**Exercise prompt:** Pictures found in the material must be left out, and every line returned as written.

**Raw data:**
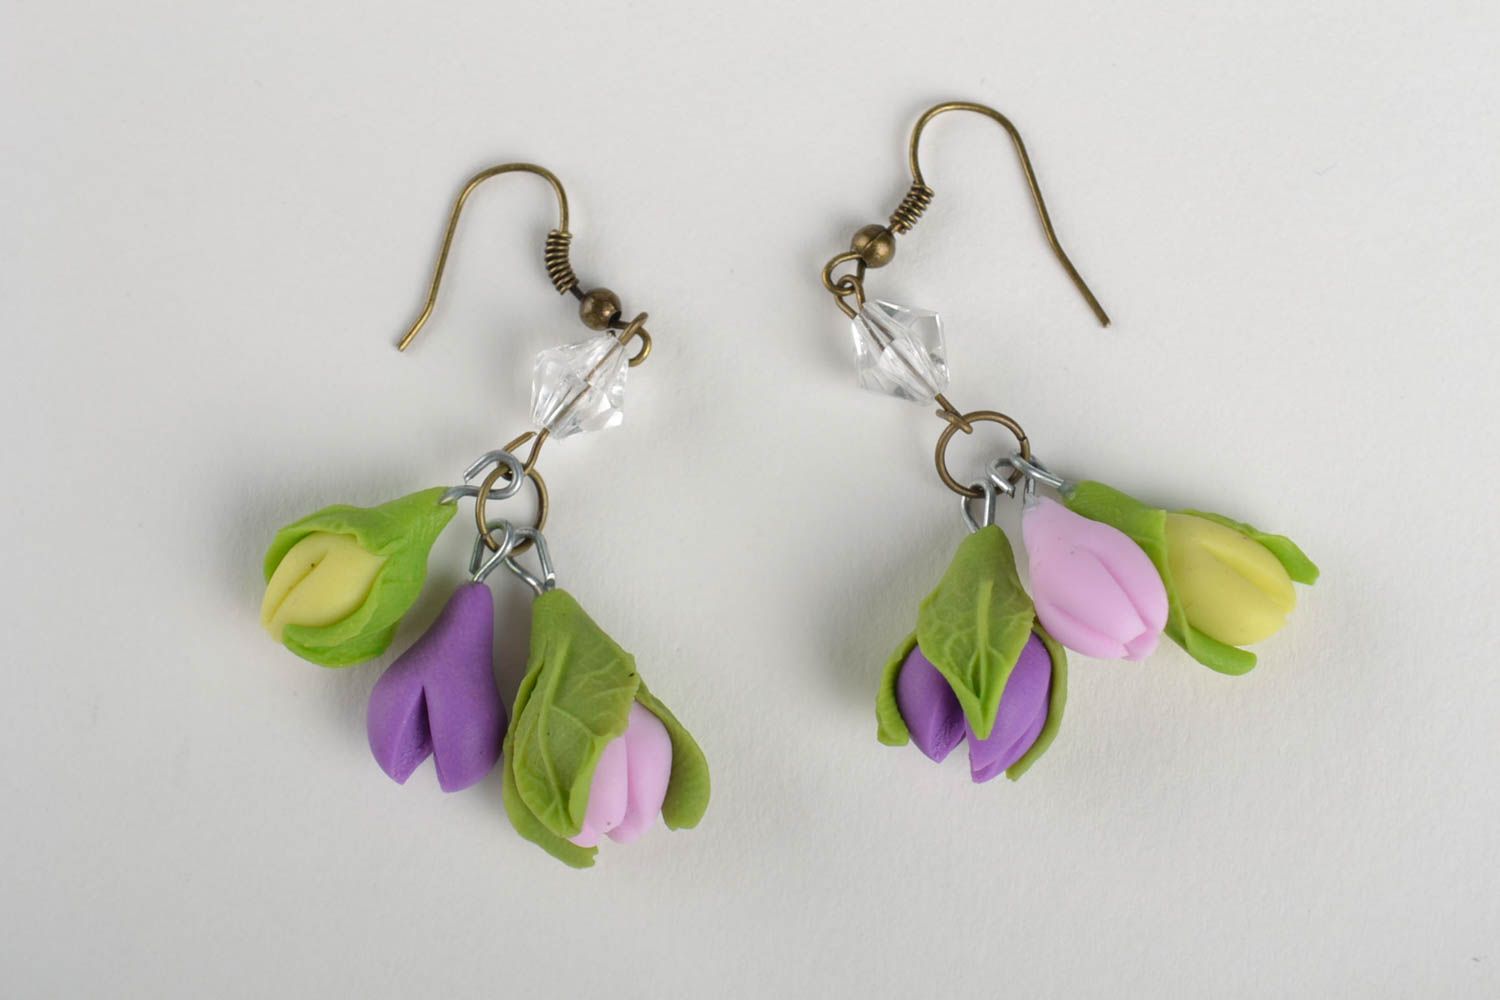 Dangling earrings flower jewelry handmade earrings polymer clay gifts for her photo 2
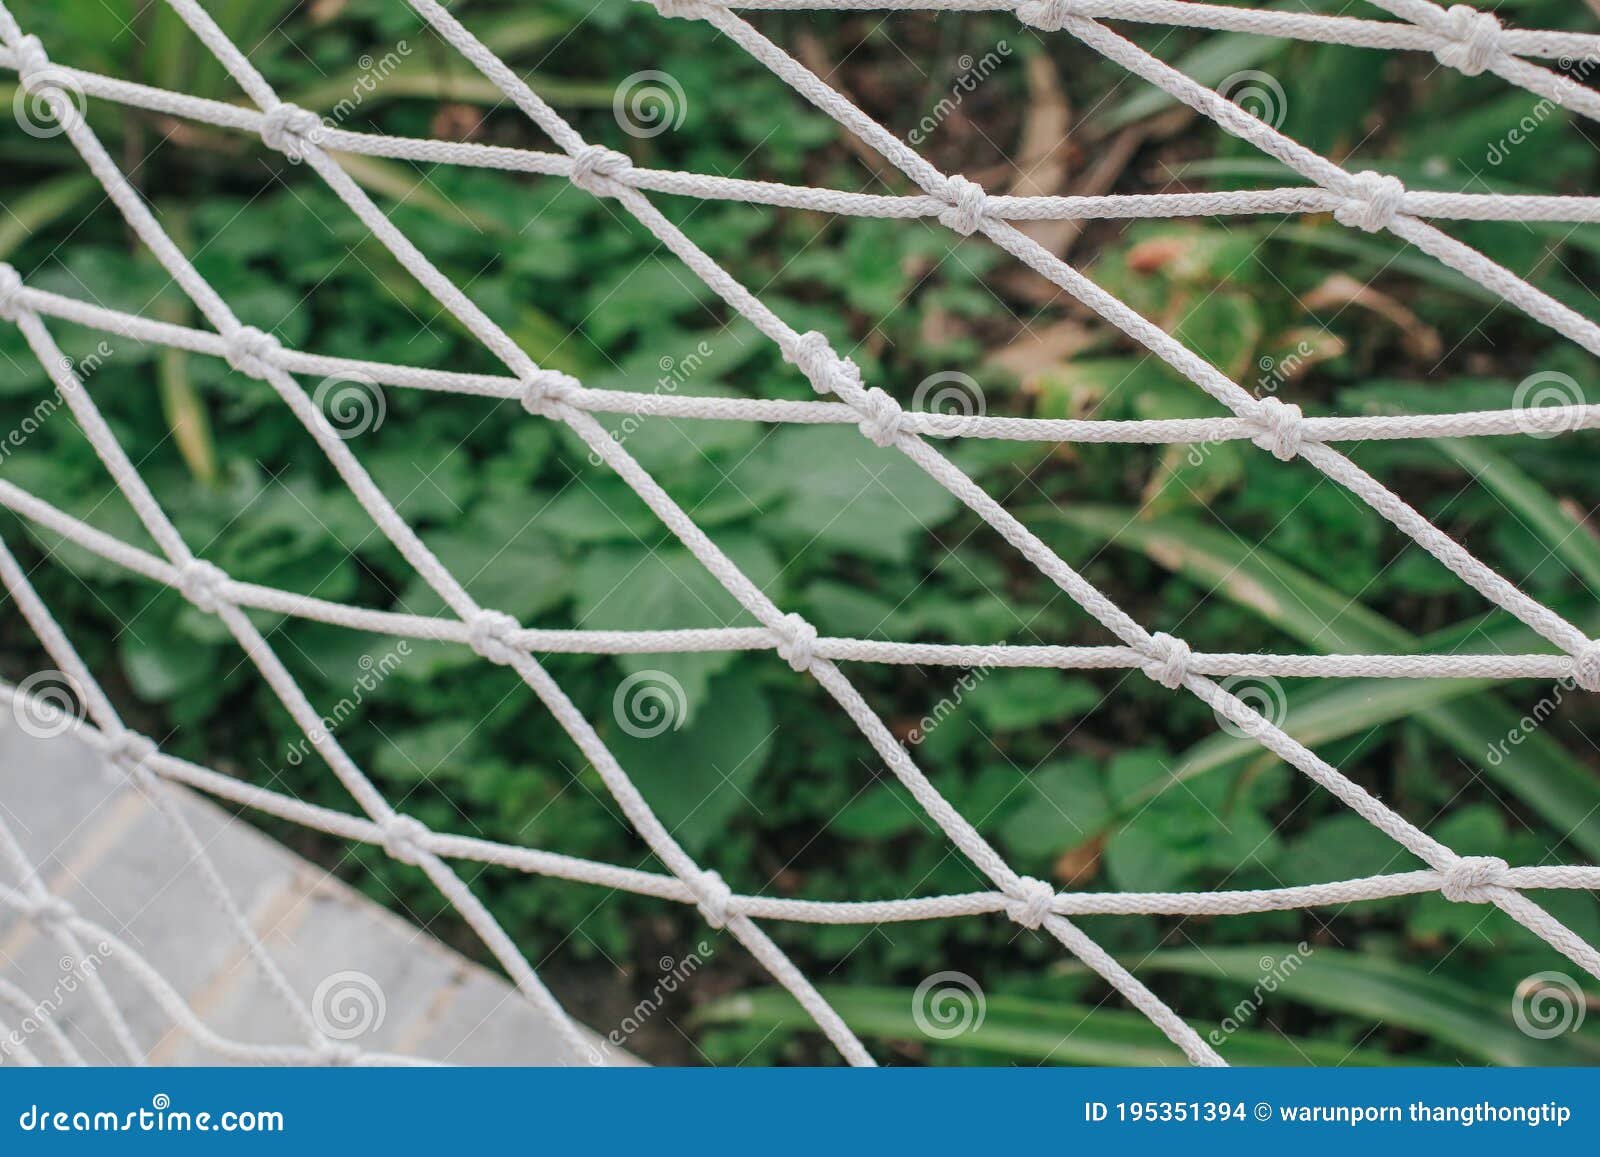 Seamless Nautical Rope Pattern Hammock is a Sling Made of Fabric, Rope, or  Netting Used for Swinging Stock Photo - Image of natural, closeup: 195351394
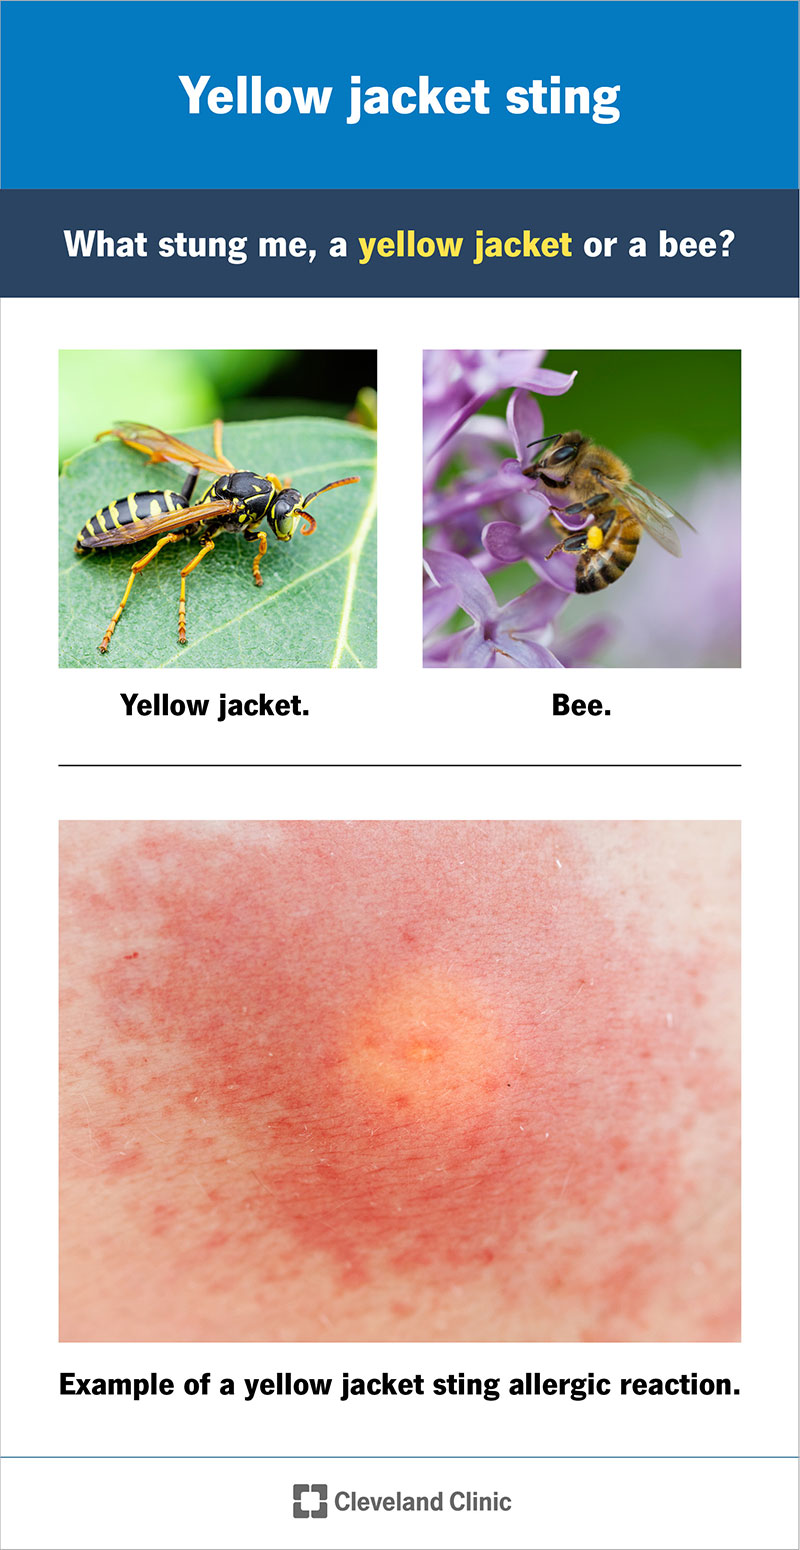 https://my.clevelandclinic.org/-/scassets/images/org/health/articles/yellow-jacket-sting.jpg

**Solution to this exercise:**
 Dangling earrings flower jewelry handmade earrings polymer clay gifts for her photo 2
 Seamless Nautical Rope Pattern Hammock is a Sling Made of Fabric, Rope, or  Netting Used for Swinging Stock Photo - Image of natural, closeup: 195351394
 https://my.clevelandclinic.org/-/scassets/images/org/health/articles/yellow-jacket-sting.jpg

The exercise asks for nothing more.